Greece has not been placed on the watch list for possible reclassification to developed markets, according to the results of MSCI’s annual review.
However, MSCI left the door open for a future change, acknowledging progress on both a macroeconomic level and in terms of market access and reforms.
More specifically, MSCI said that the Greek market has made progress in aligning with the market accessibility standards commonly observed in Developed Markets in Europe. Additionally, Greece meets the economic development criteria for Developed Markets.
However, Greece did not meet the newly introduced Size and Liquidity persistency requirements at the time of the MSCI 2025 Market Classification Review.
Following the enhancements implemented to the Size and Liquidity Requirements of the MSCI Market Classification Framework, a persistency rule was introduced requiring a minimum number of five companies to meet Developed Market Standard Index criteria over a sustained period for an upward reclassification.

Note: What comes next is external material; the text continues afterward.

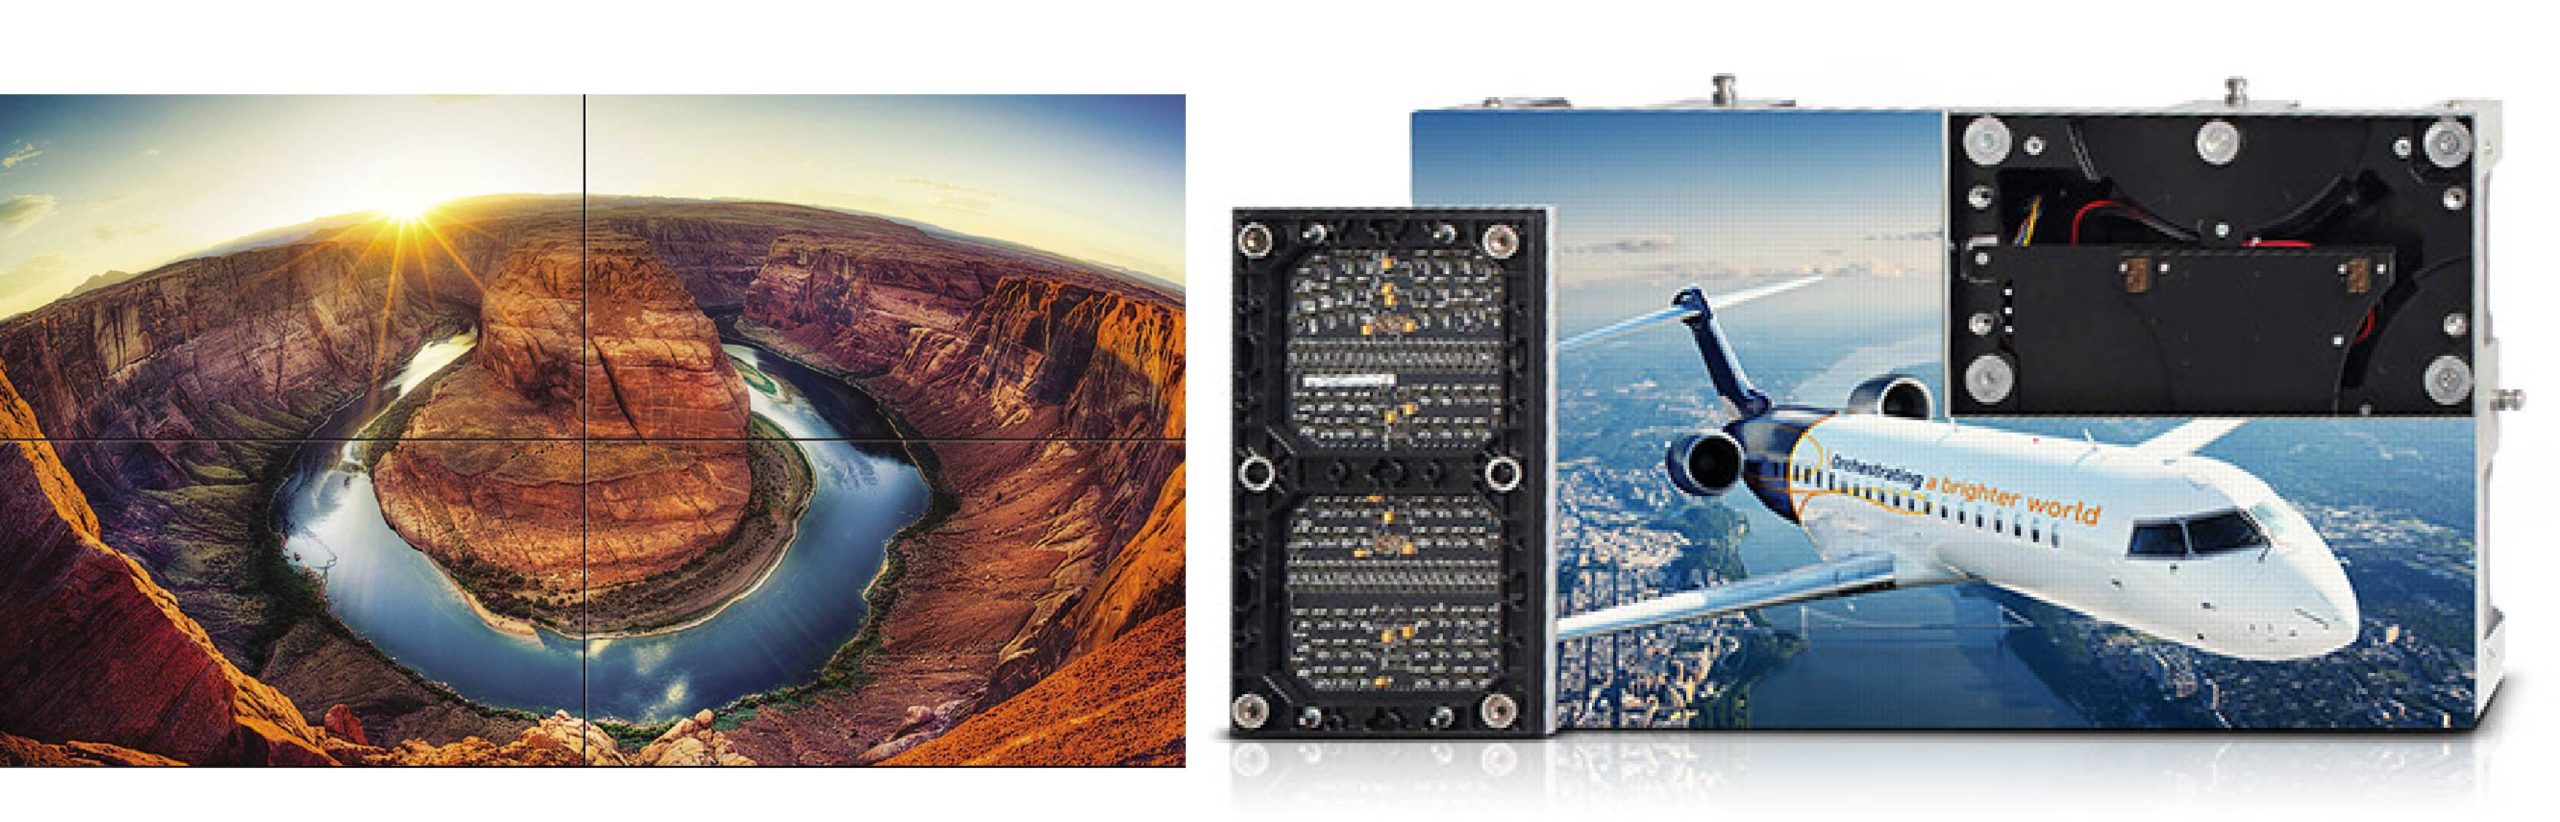 Mur d'images panneaux LED affichage dynamique

MSCI also noted that it treats European countries classified as Developed Markets as a single entity for index construction and maintenance purposes. This approach reflects the high degree of integration observed across European equity markets, including harmonized market infrastructure, regulatory alignment, and cross-border accessibility.
Thus, the discussion on whether and when Greece could return to developed markets remains open — with progress acknowledged, but the conditions becoming more stringent.